• Supplied information:
···
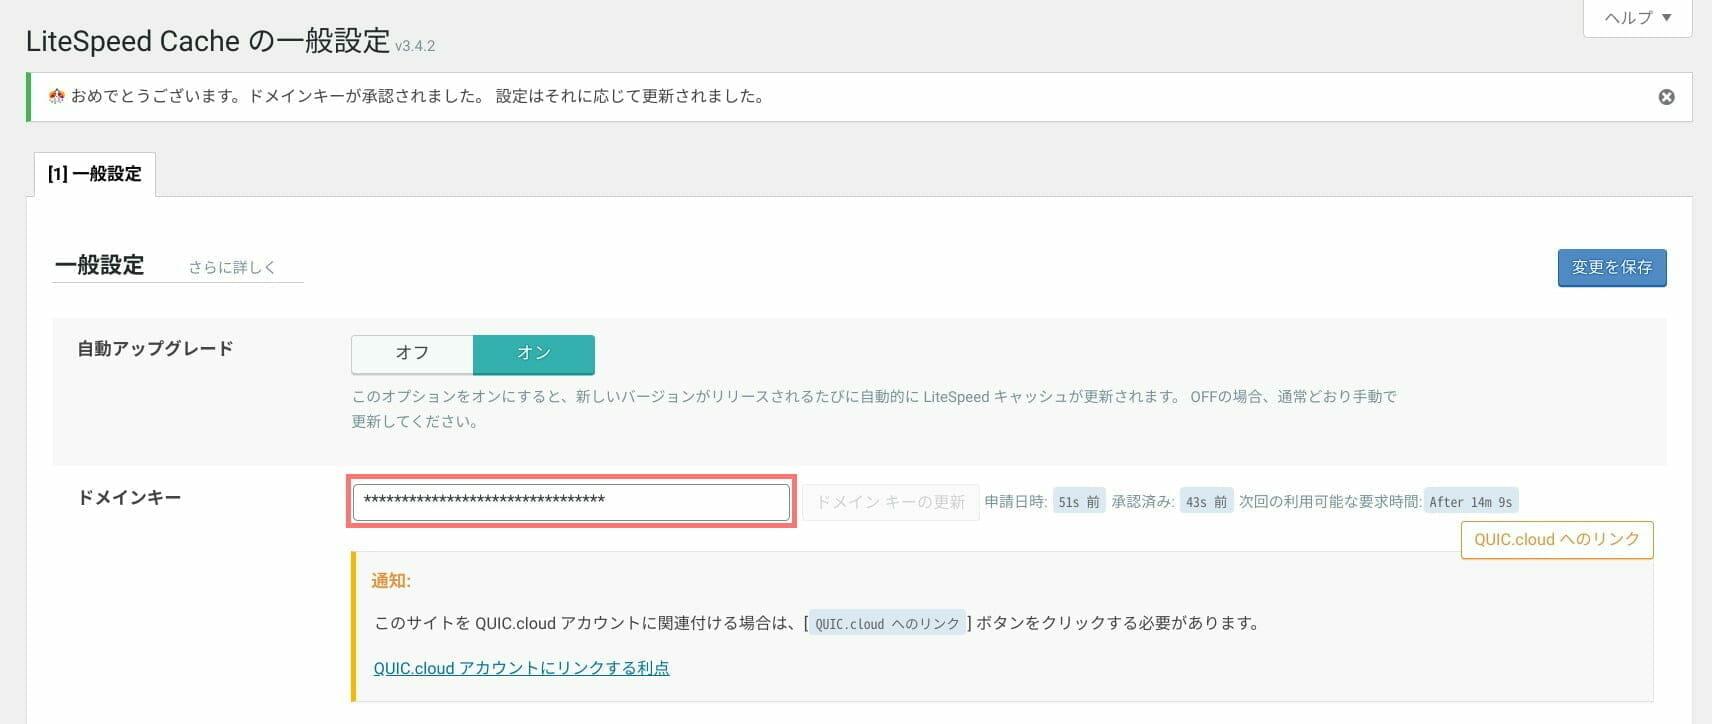 LiteSpeed cache:ドメインキーの取得完了
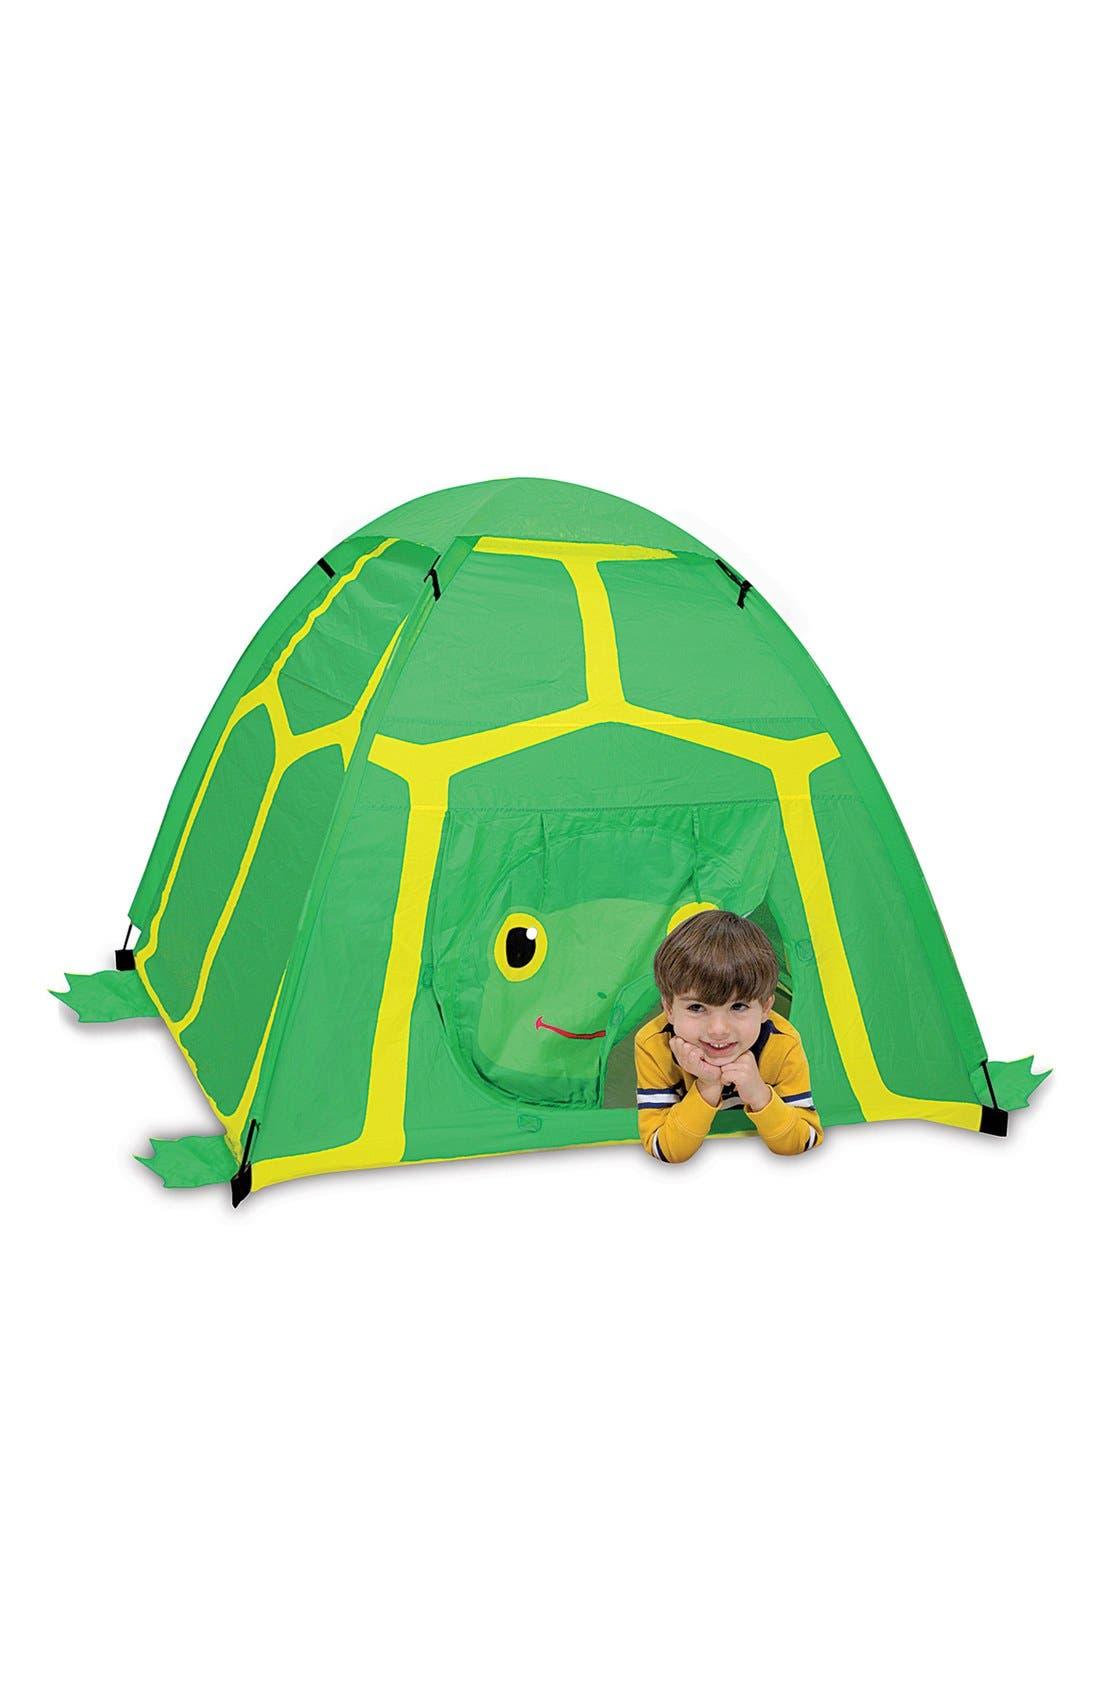 Main Image - Melissa u0026 Doug u0027Tootle Turtleu0027 Tent  sc 1 st  Nordstrom & Melissa u0026 Doug u0027Tootle Turtleu0027 Tent   Nordstrom
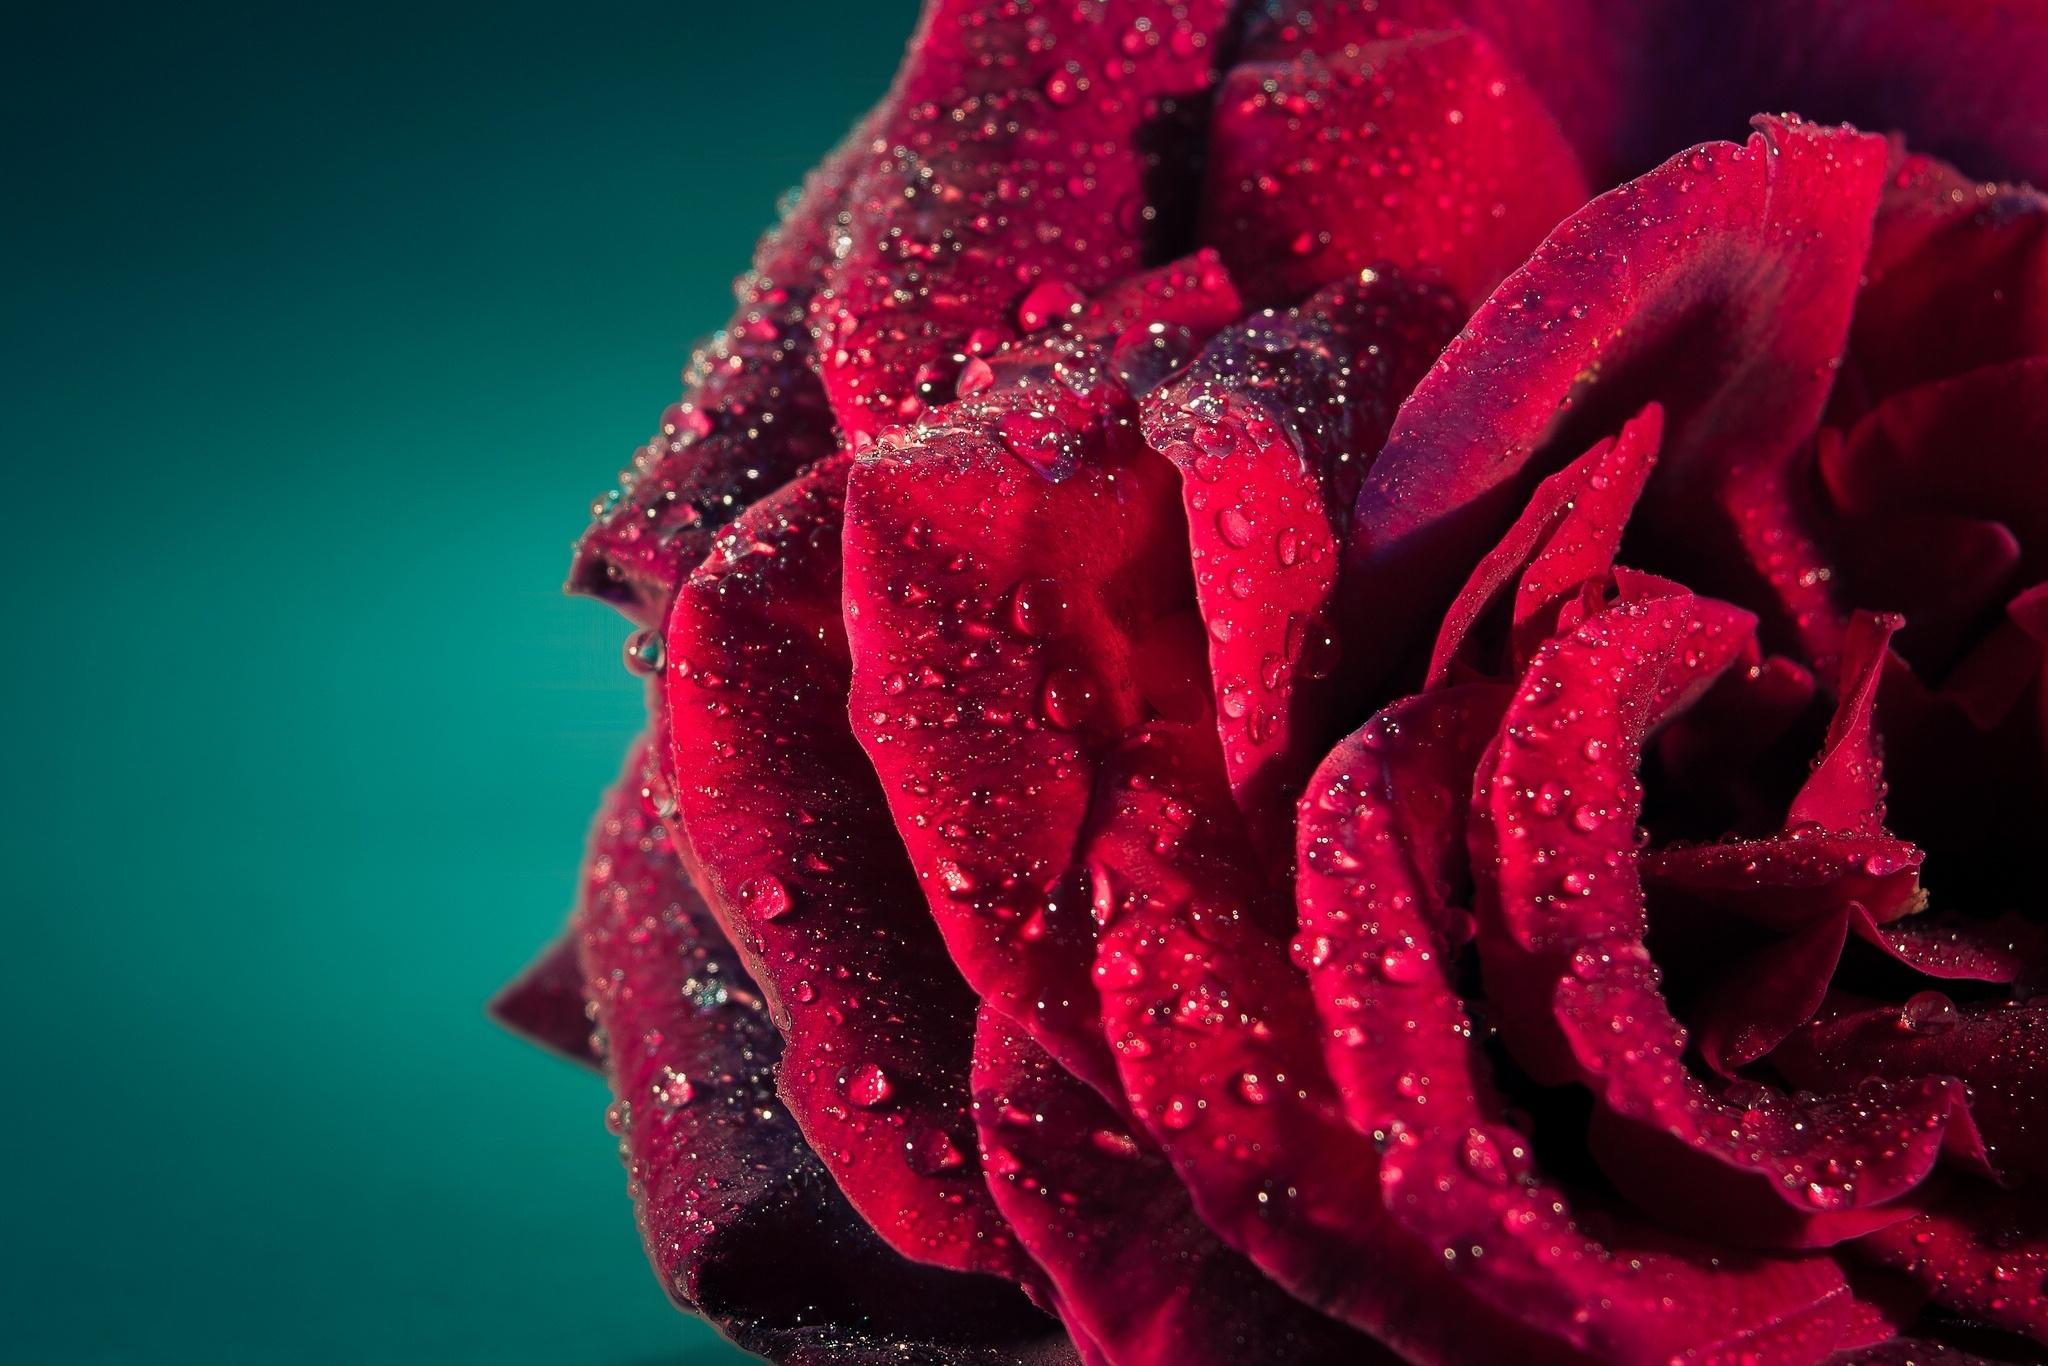 80935 download wallpaper Macro, Rose Flower, Rose, Petals, Drops screensavers and pictures for free
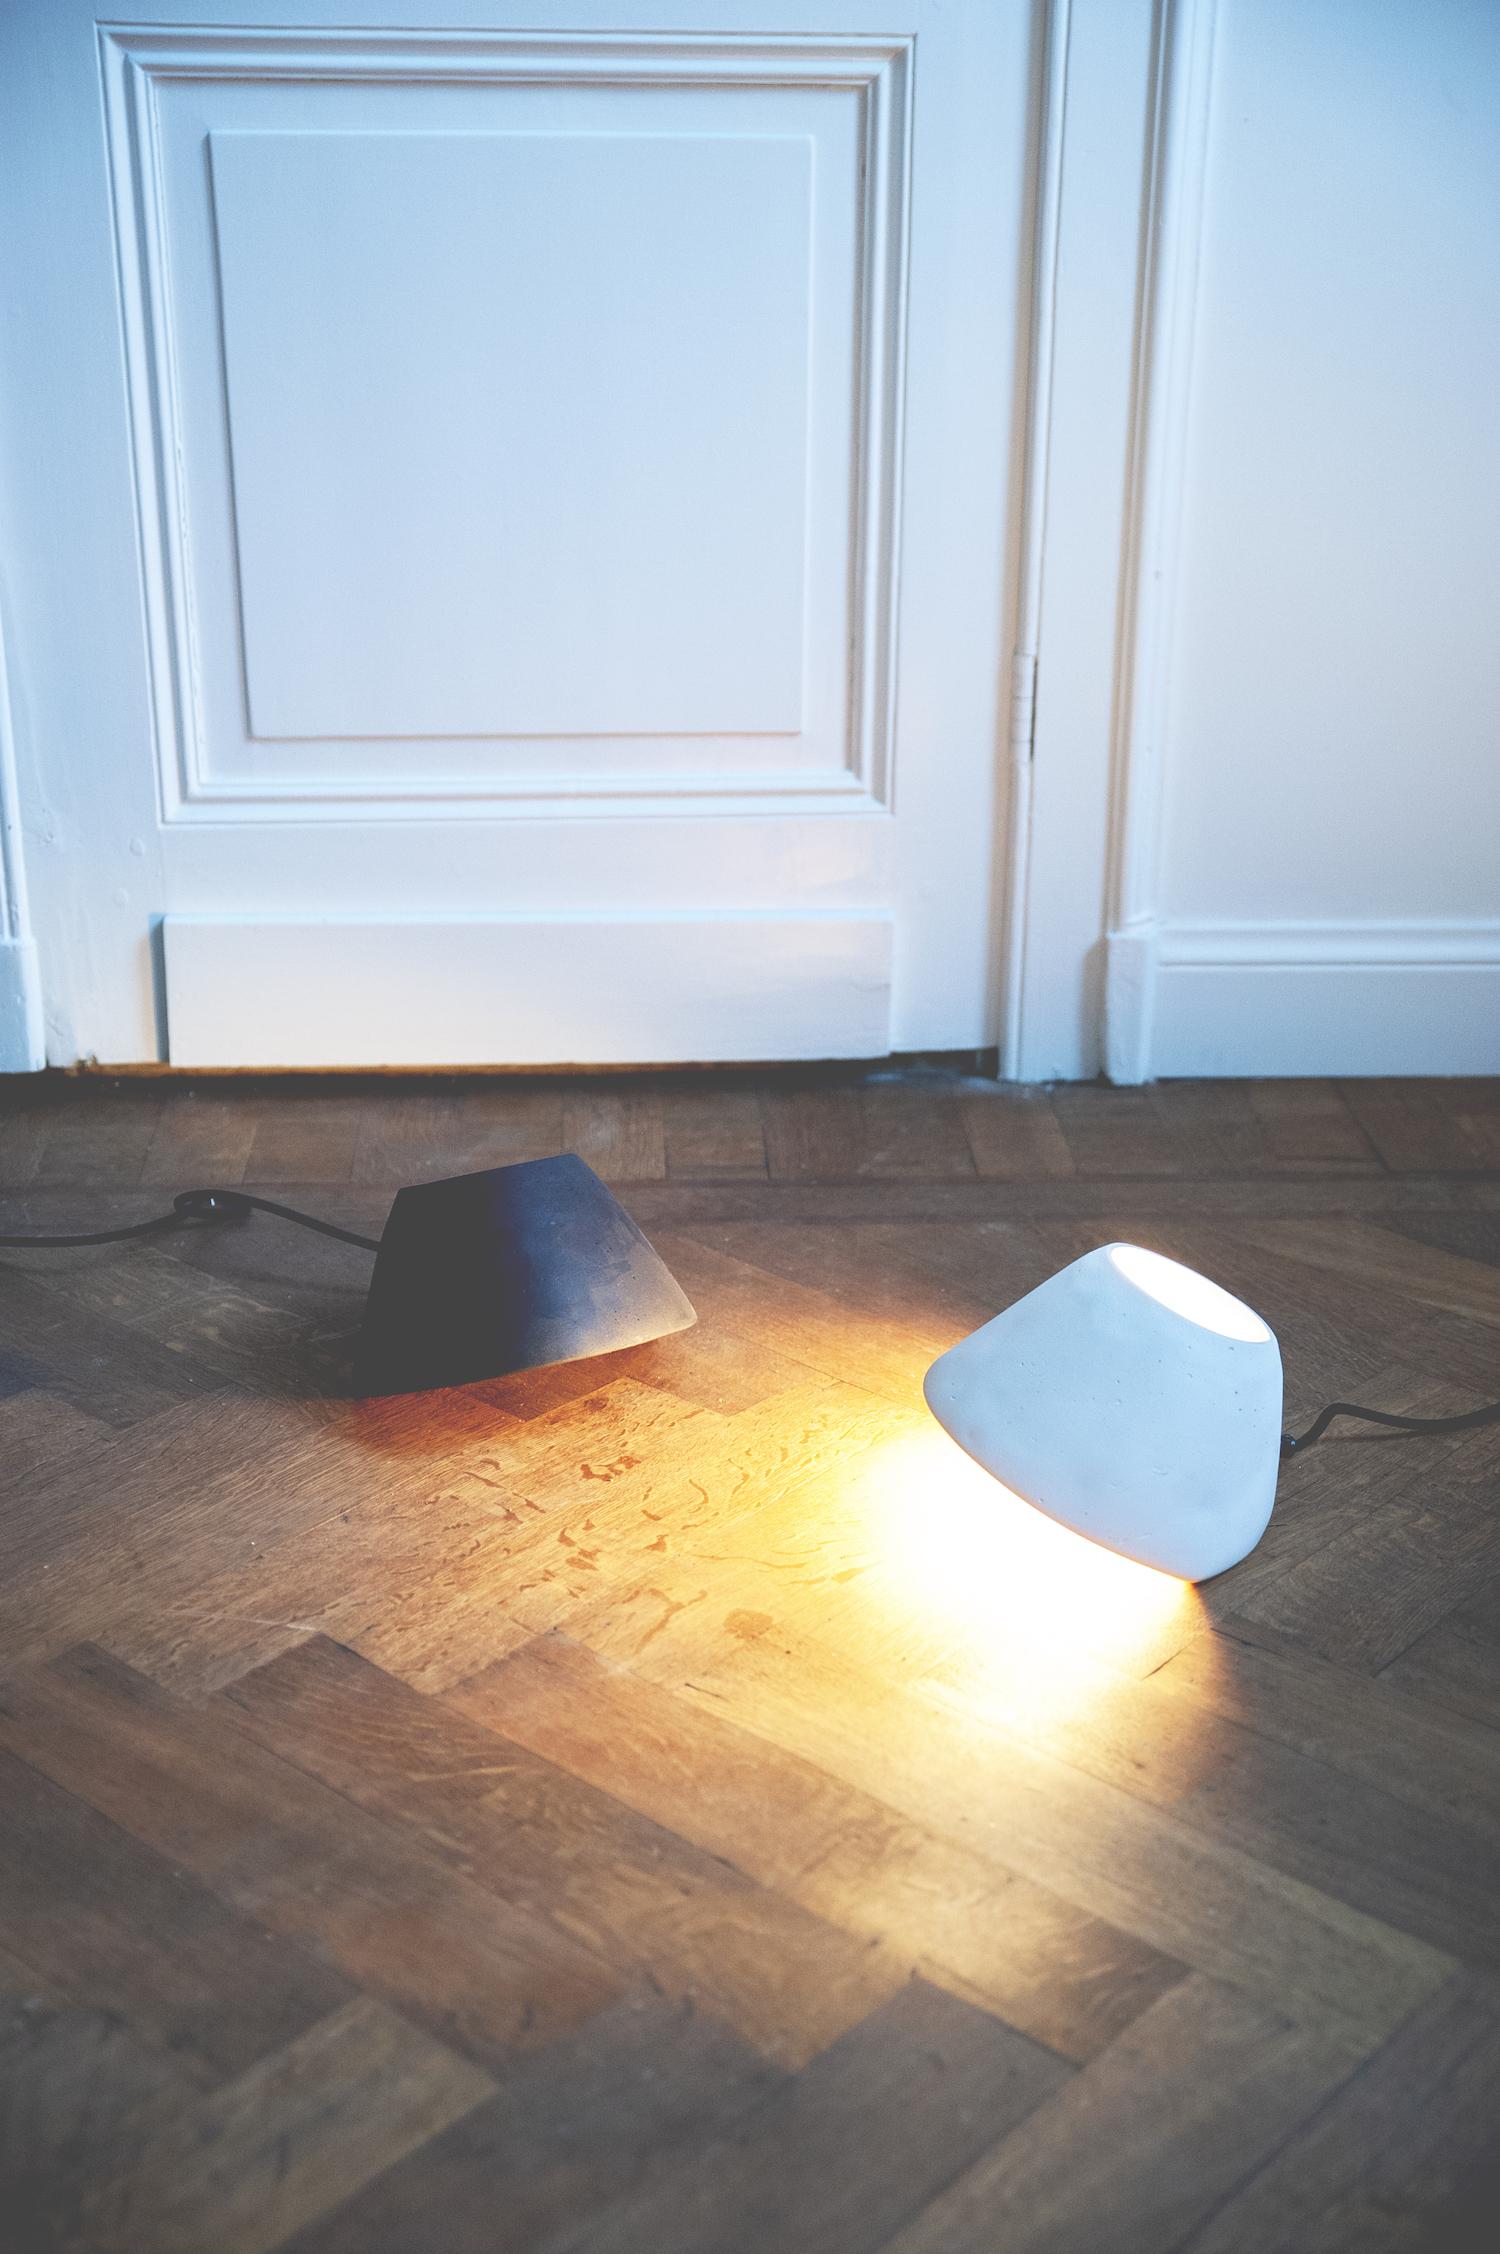 Eaunophe lamp Patrick Paris_8.jpg
···
• Task to complete:
Copy exactly, and only, the lines from the line containing "Main Image - Melissa" through the final line of the material above, with no pictures.

• Response to this exercise:
 Main Image - Melissa u0026 Doug u0027Tootle Turtleu0027 Tent  sc 1 st  Nordstrom & Melissa u0026 Doug u0027Tootle Turtleu0027 Tent   Nordstrom
 80935 download wallpaper Macro, Rose Flower, Rose, Petals, Drops screensavers and pictures for free
 Eaunophe lamp Patrick Paris_8.jpg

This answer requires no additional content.